[PROMPT] Leaving the pictures aside, reproduce the data in full and word for word.

[RAW DATA]
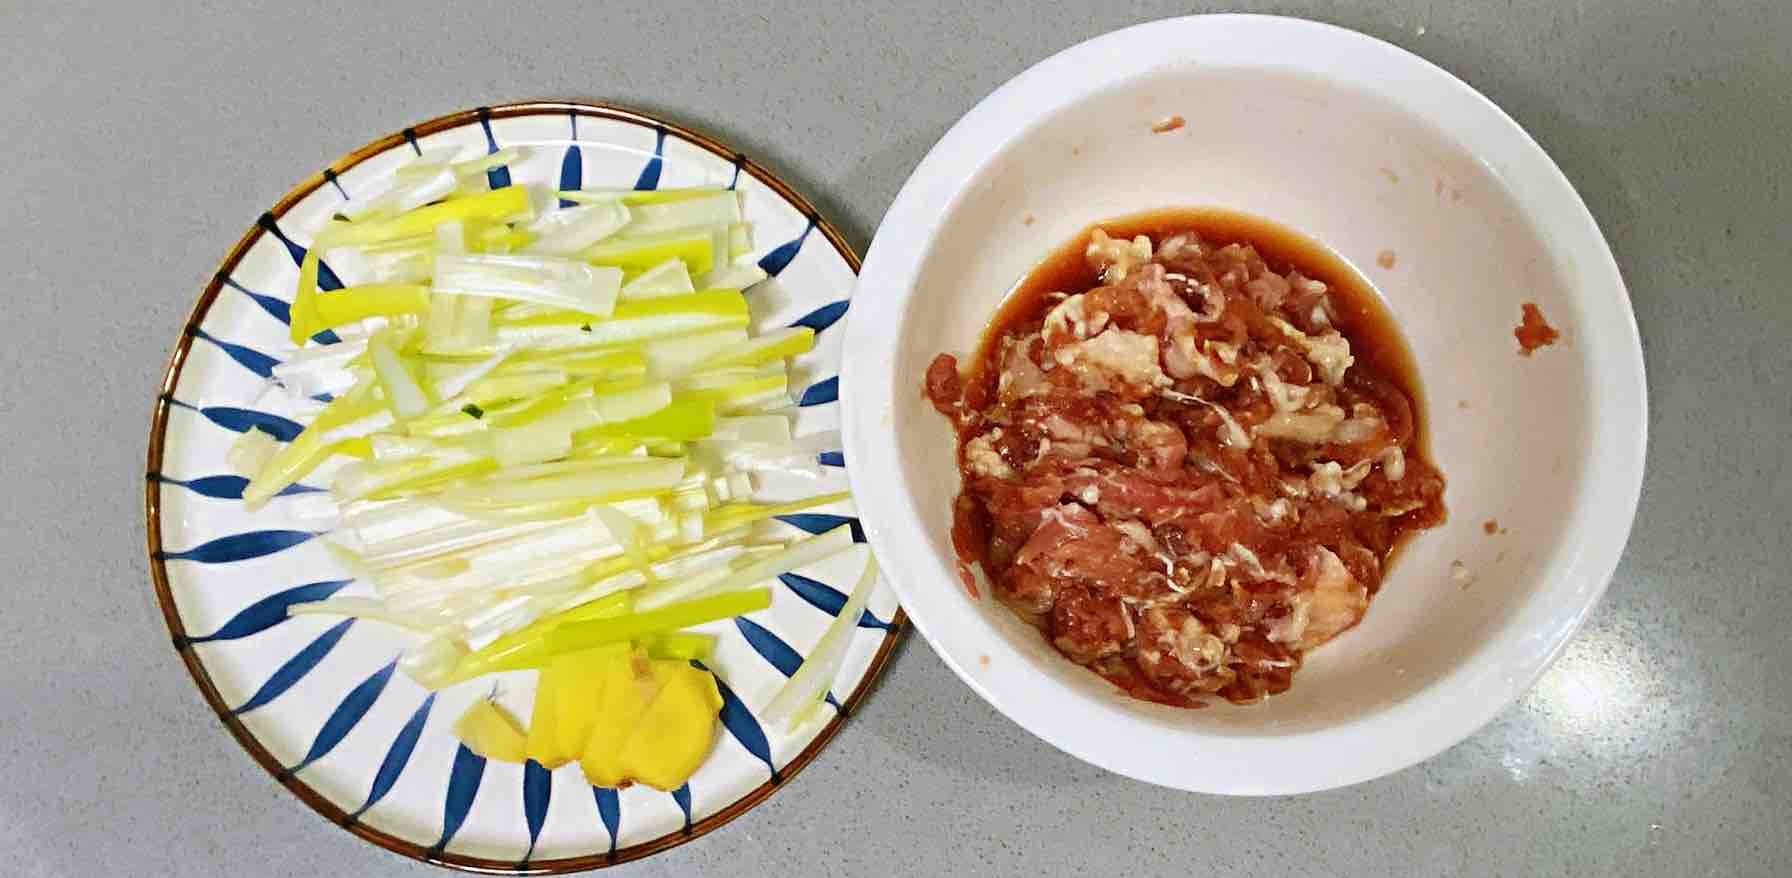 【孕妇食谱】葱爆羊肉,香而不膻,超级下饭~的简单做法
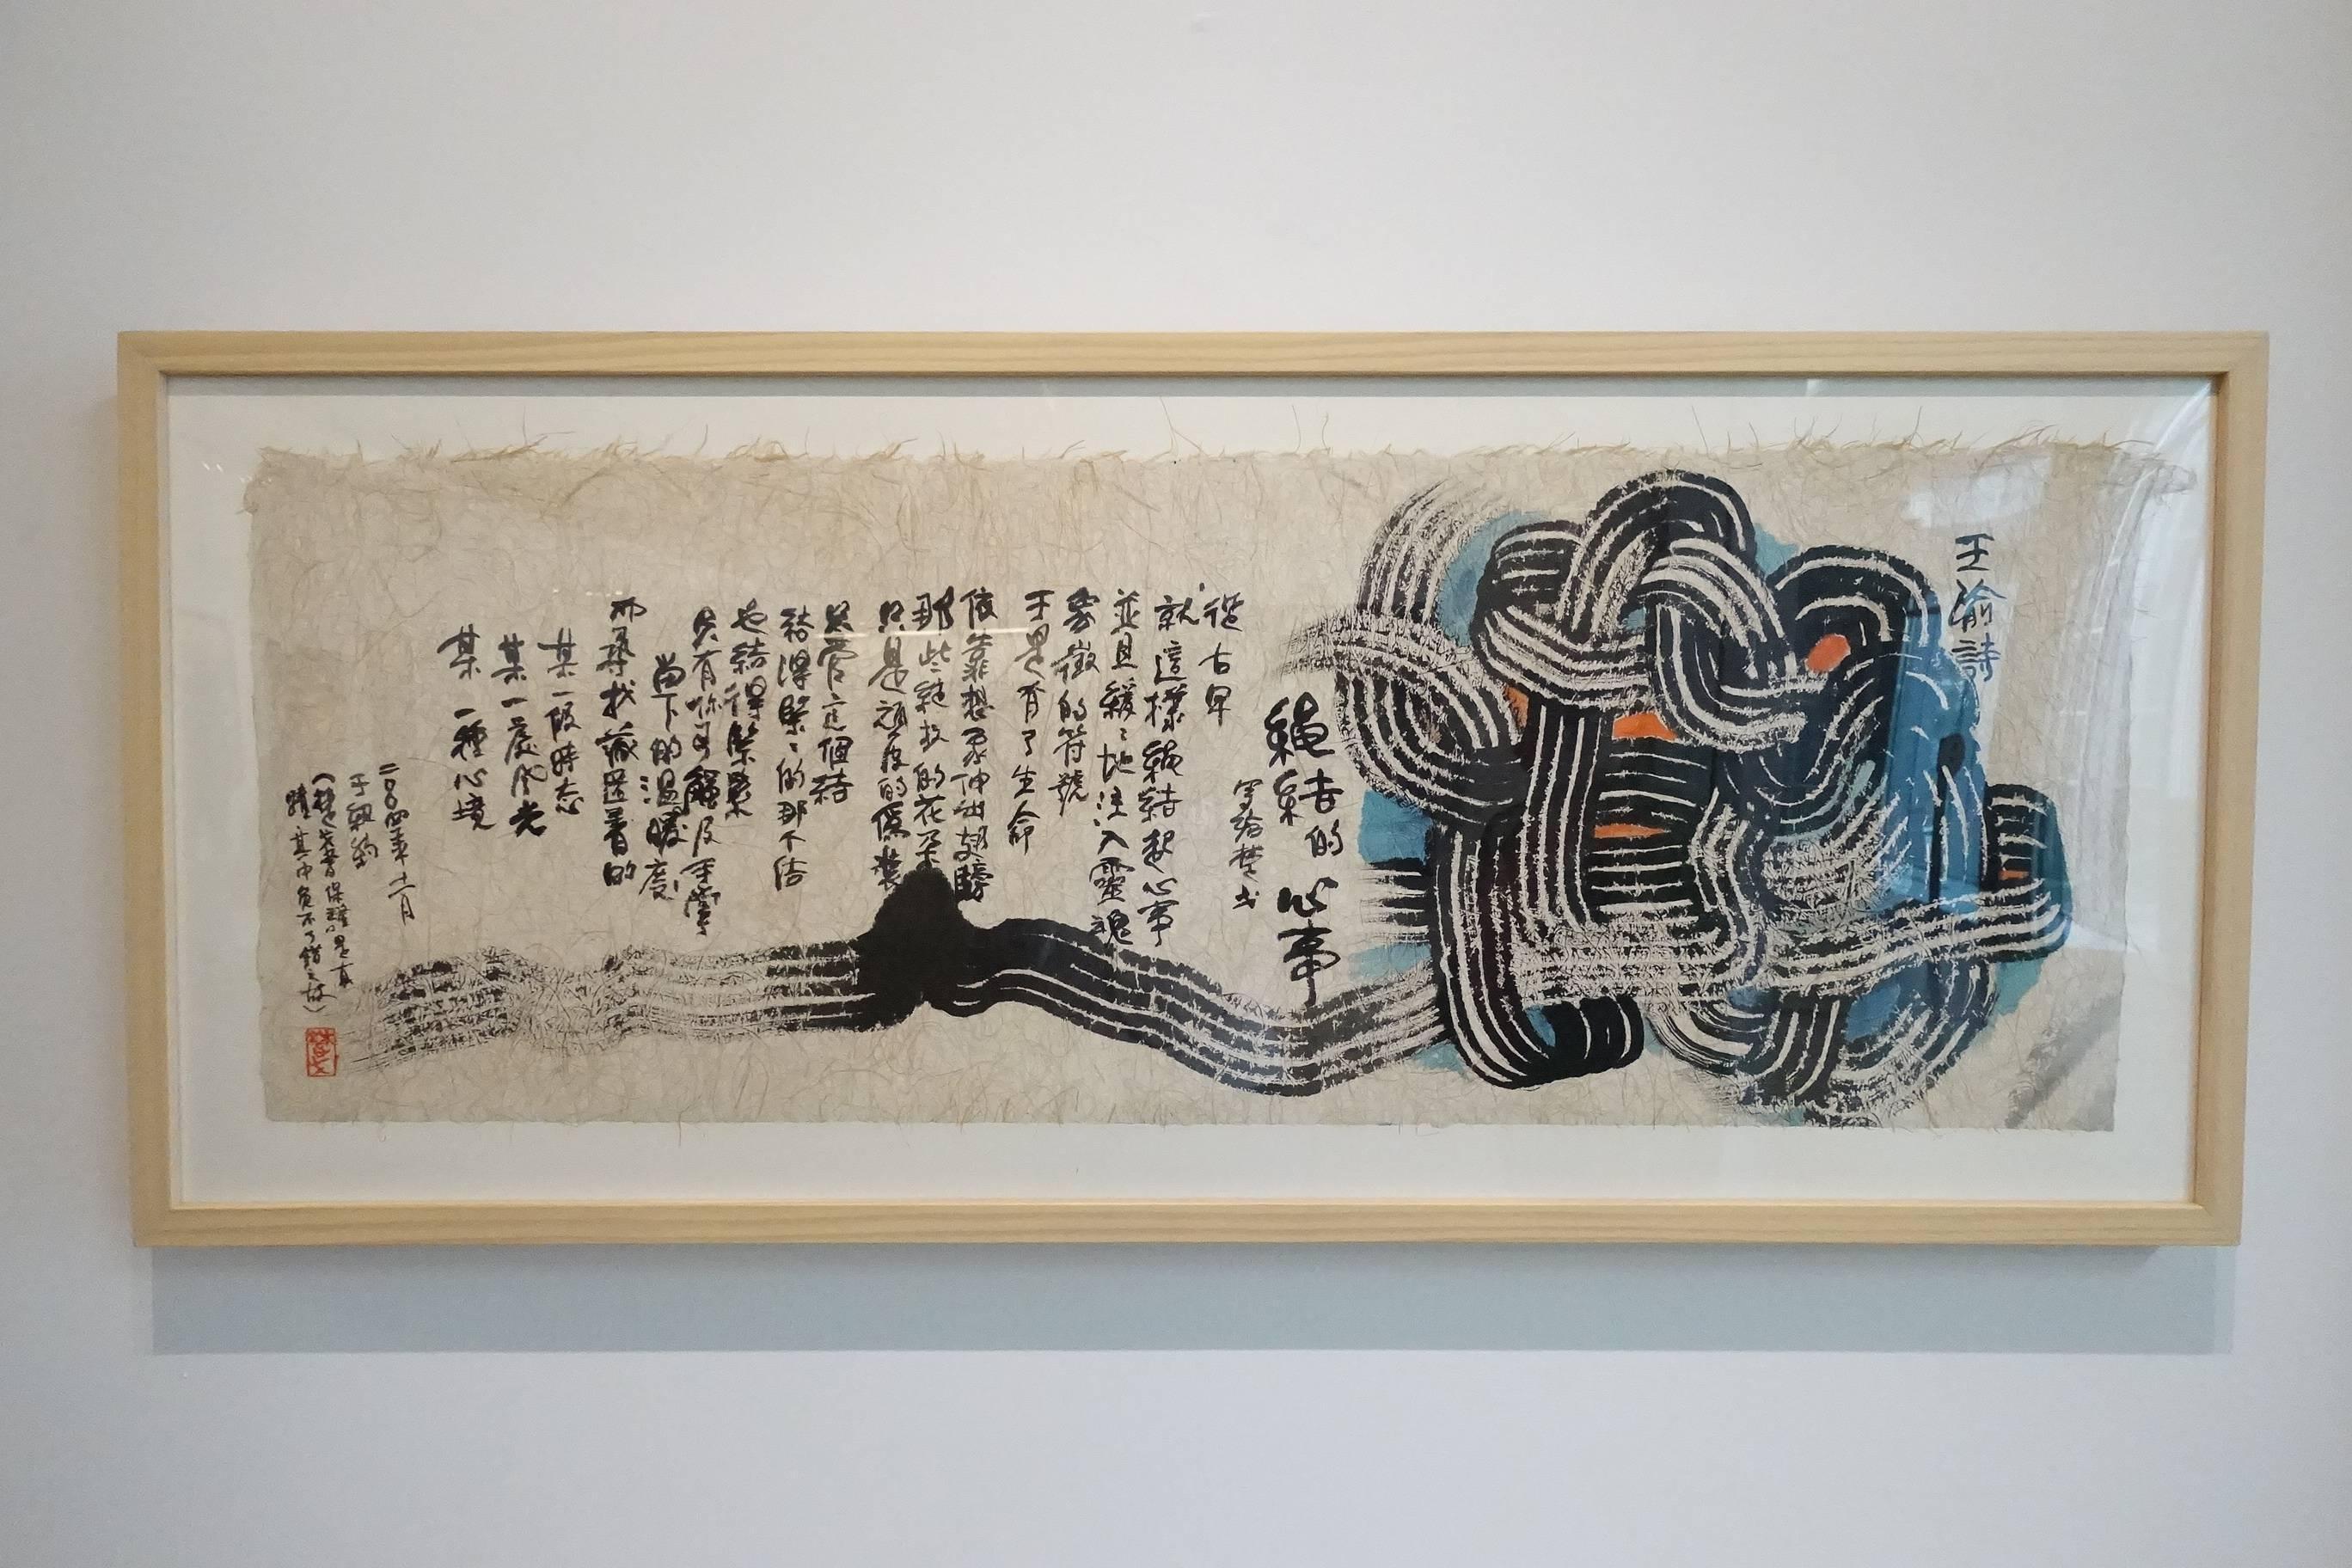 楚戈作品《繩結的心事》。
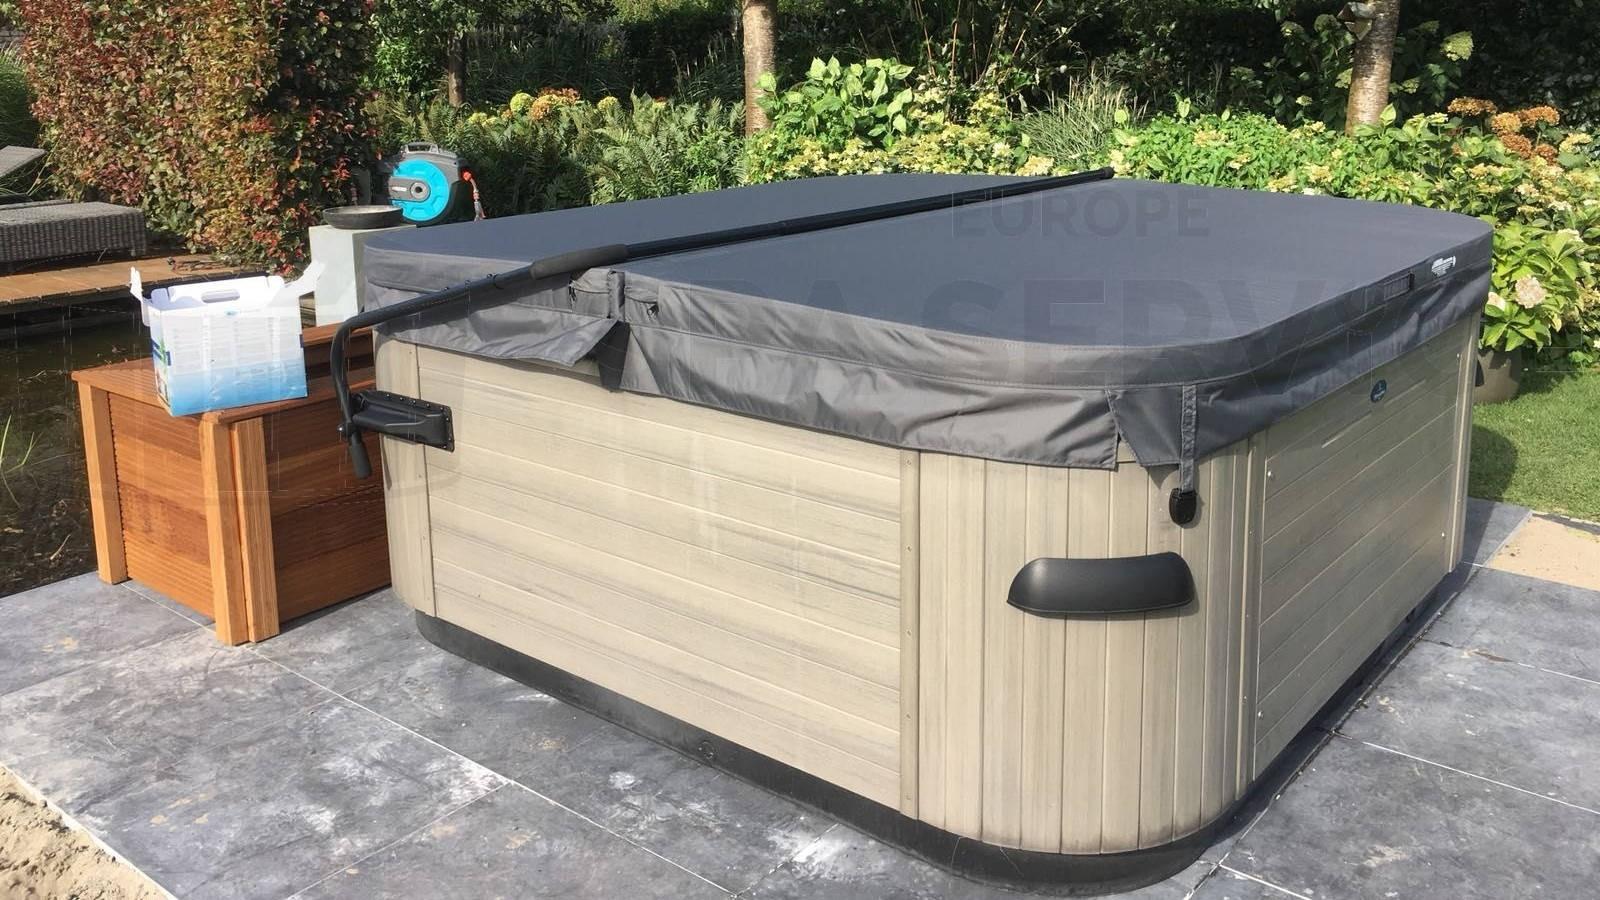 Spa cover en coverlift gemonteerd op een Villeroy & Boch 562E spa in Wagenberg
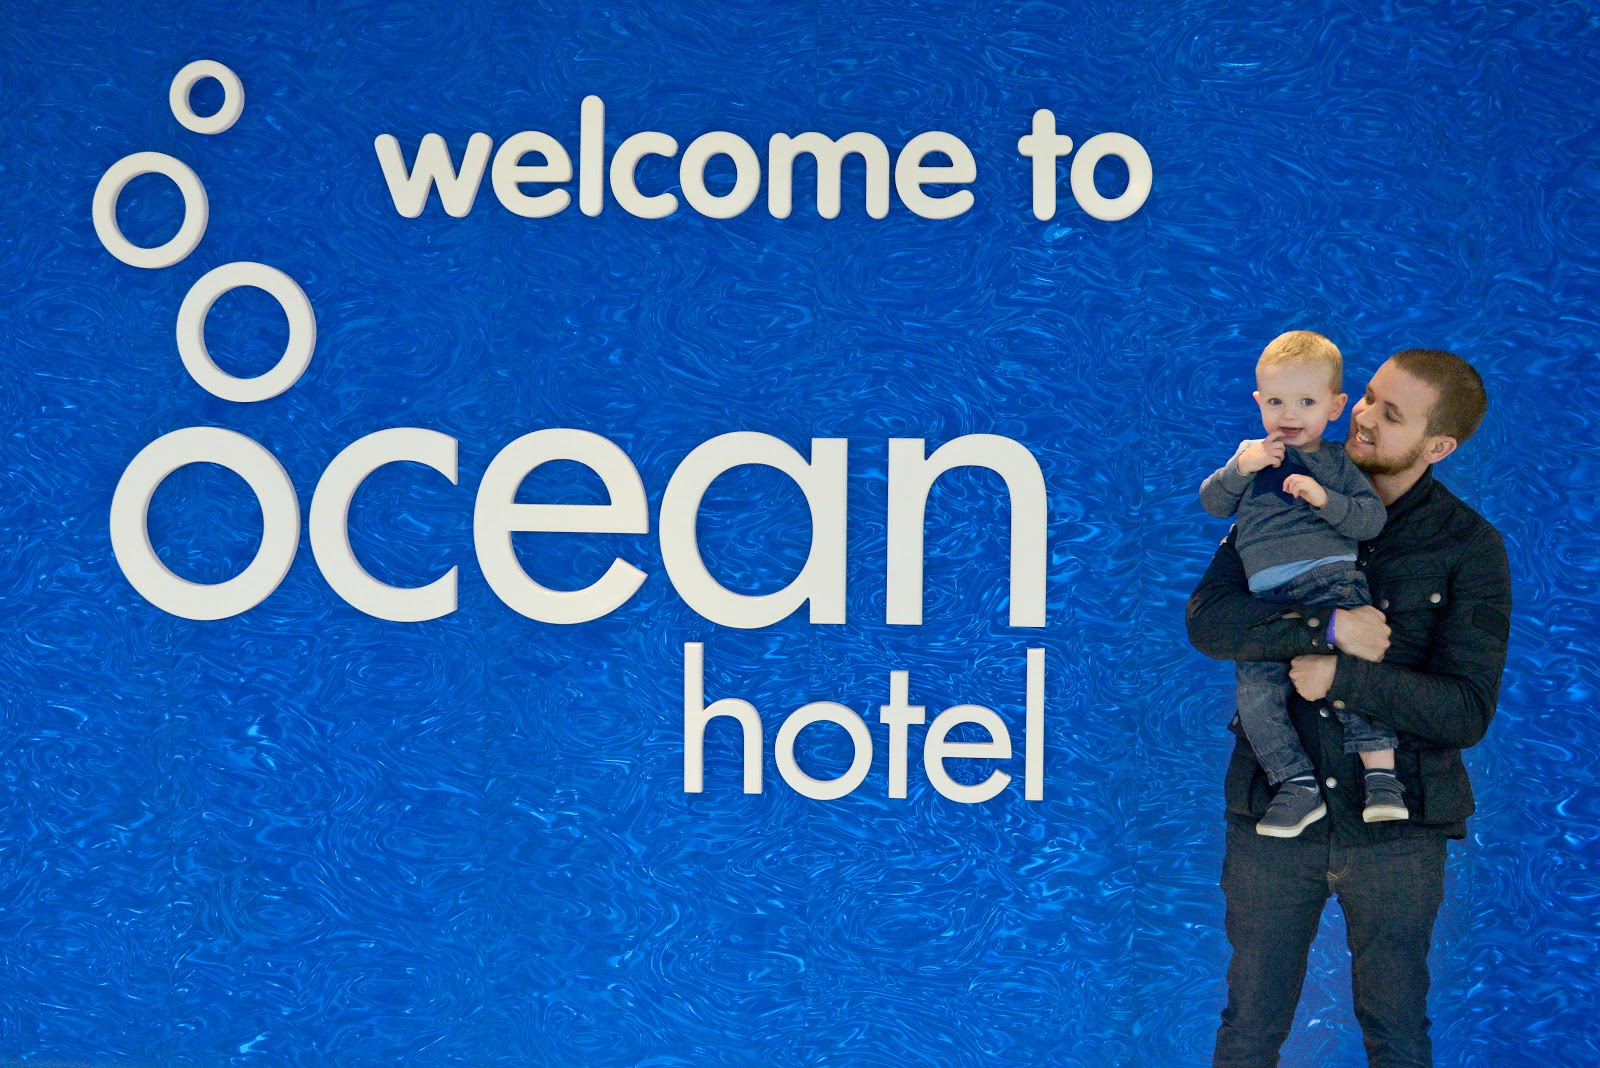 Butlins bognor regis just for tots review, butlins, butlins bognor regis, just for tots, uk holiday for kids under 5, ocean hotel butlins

[SOLUTION TO THIS PROBLEM]
 【孕妇食谱】葱爆羊肉,香而不膻,超级下饭~的简单做法
 楚戈作品《繩結的心事》。
 Spa cover en coverlift gemonteerd op een Villeroy & Boch 562E spa in Wagenberg
 Butlins bognor regis just for tots review, butlins, butlins bognor regis, just for tots, uk holiday for kids under 5, ocean hotel butlins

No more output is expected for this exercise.